**Given data:**
************

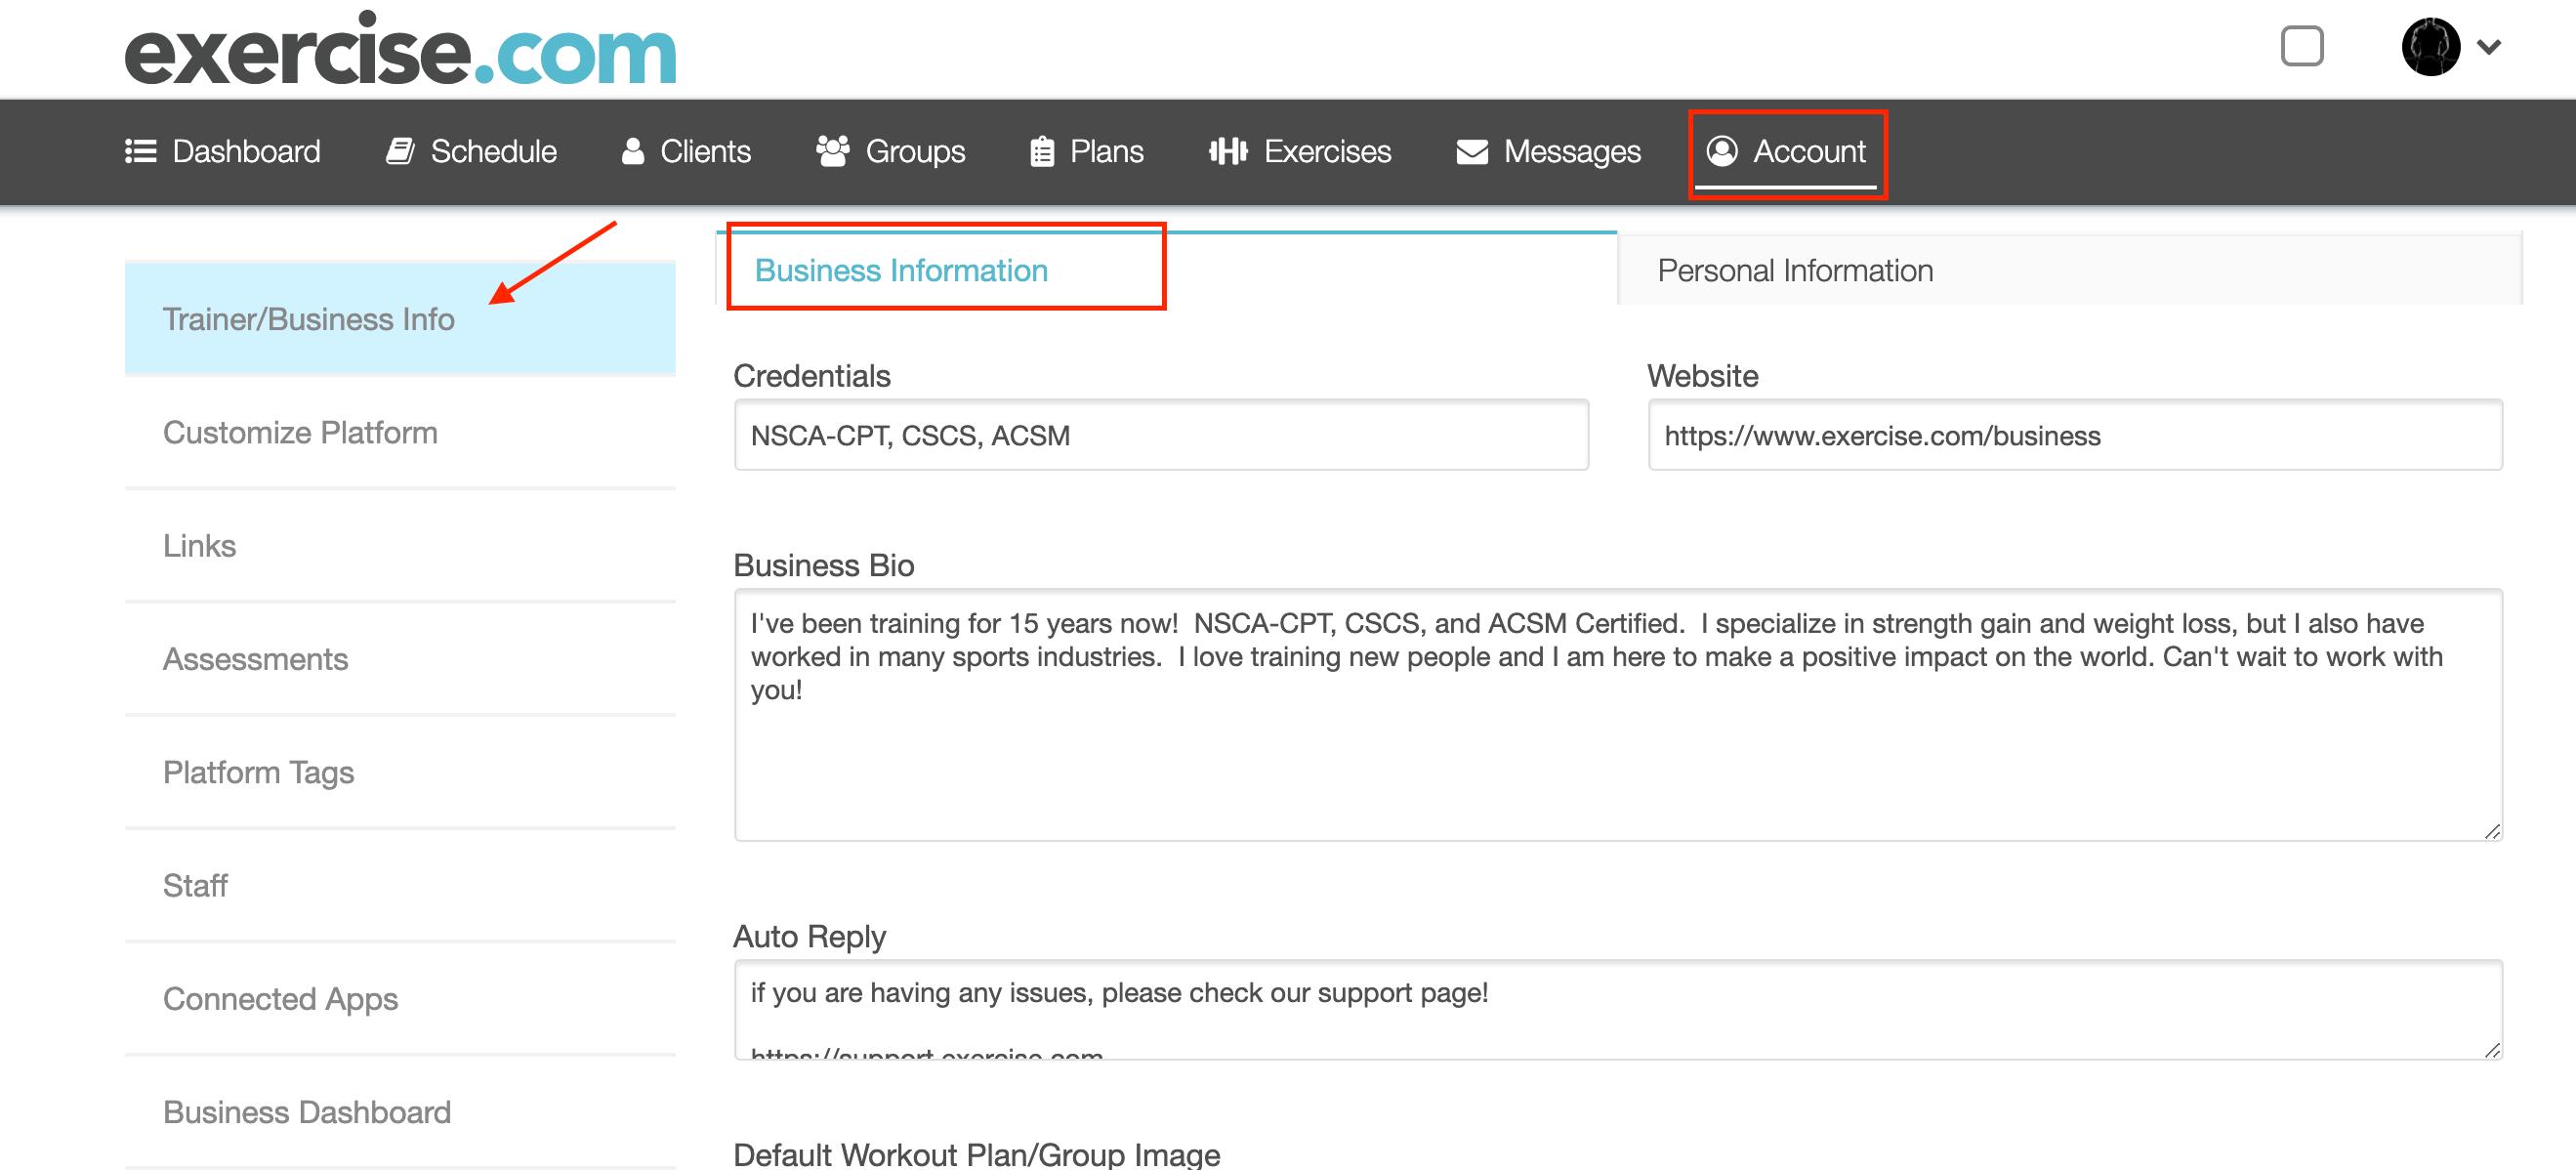 business accunt profile setup exercise.com
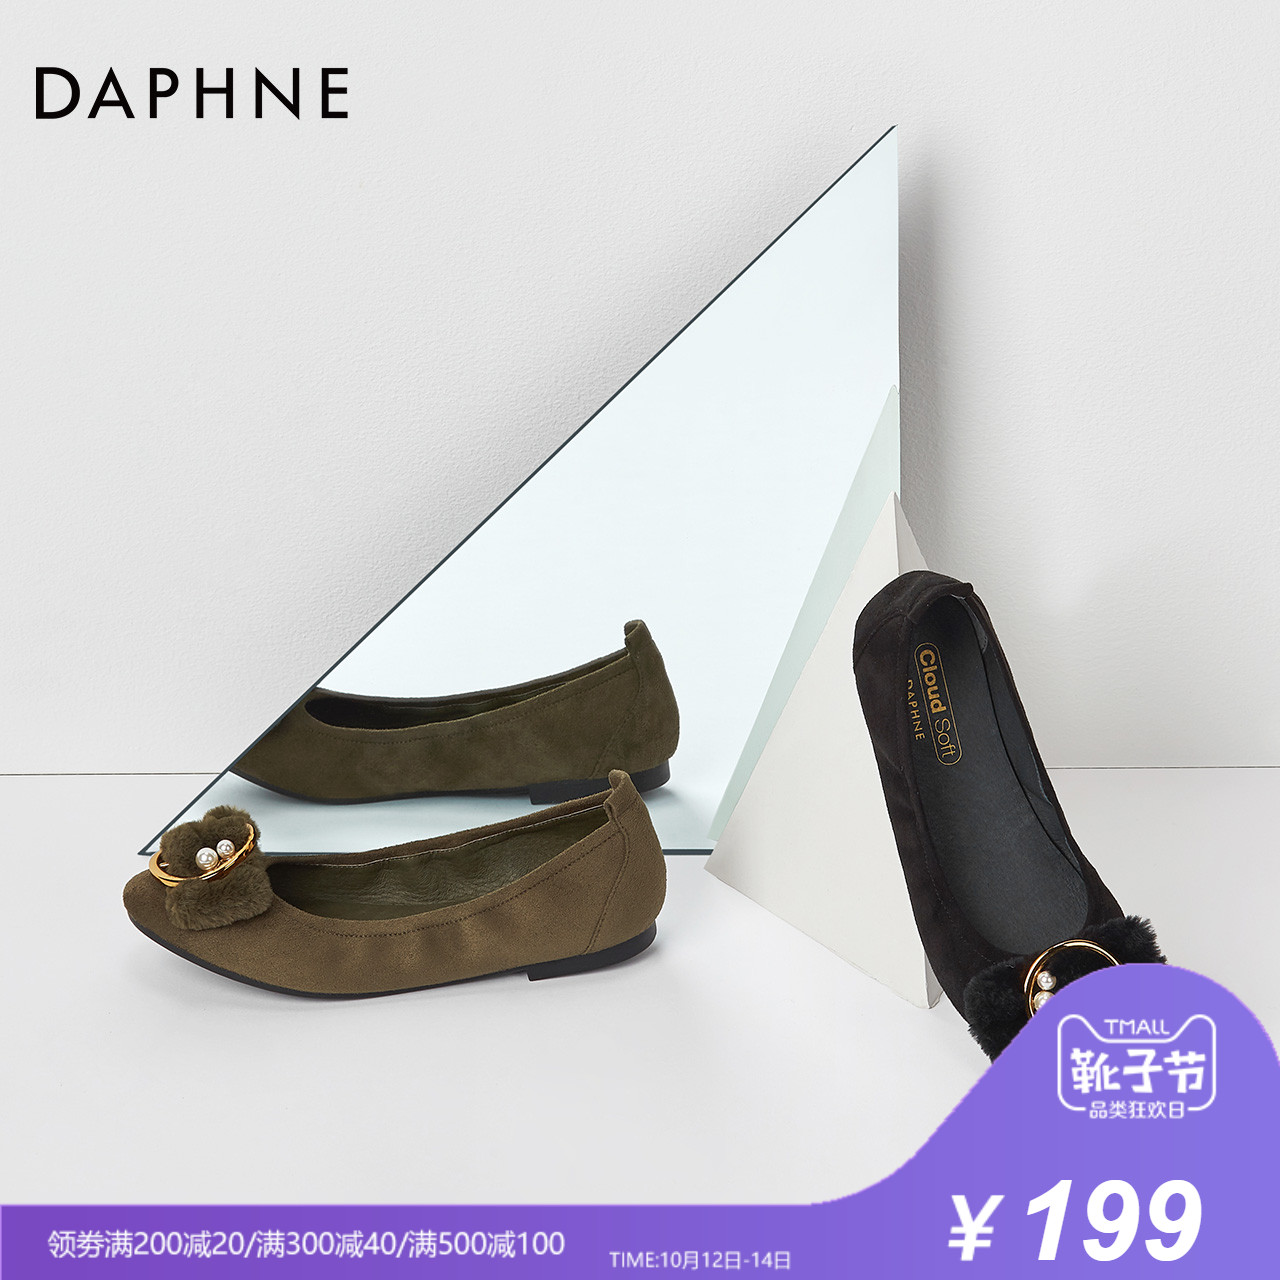 Daphne-达芙妮2018秋新款简约圆头平底鞋时尚金属圆扣毛毛单鞋女
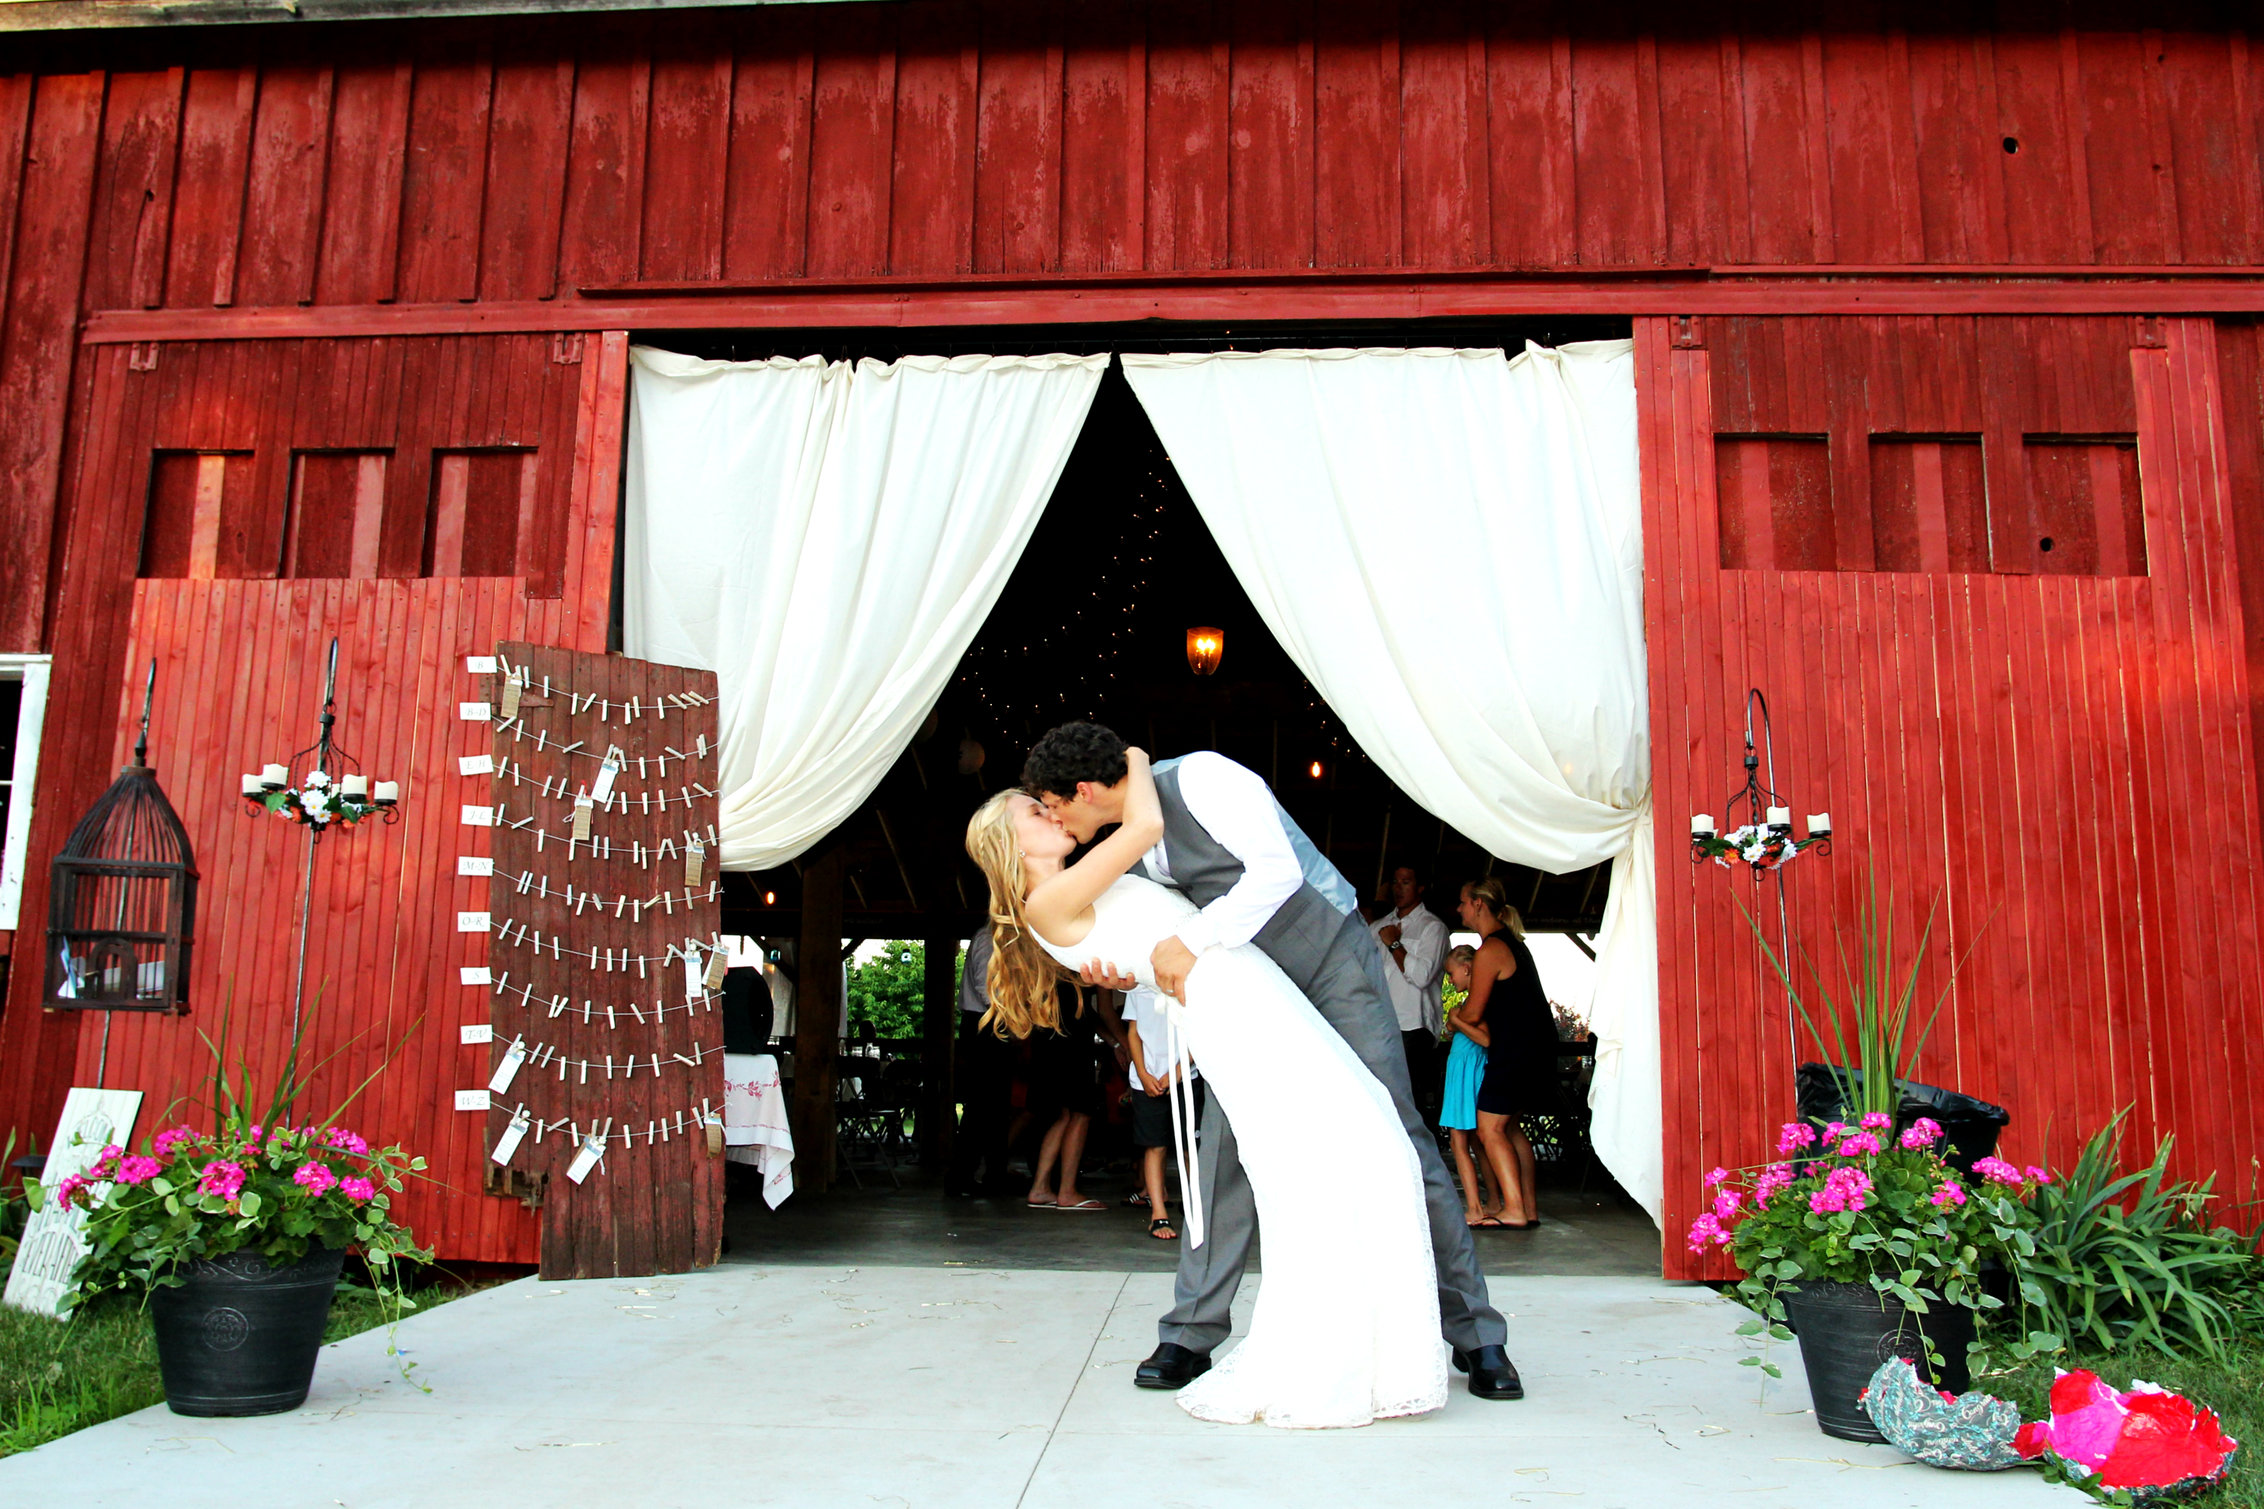 Blodgett Wedding Barn   Michigan Rustic Wedding Venues

************

**Problem description:** Restate the data word for word without pictures.

**Your response:**
 business accunt profile setup exercise.com
 Daphne-达芙妮2018秋新款简约圆头平底鞋时尚金属圆扣毛毛单鞋女
 Blodgett Wedding Barn   Michigan Rustic Wedding Venues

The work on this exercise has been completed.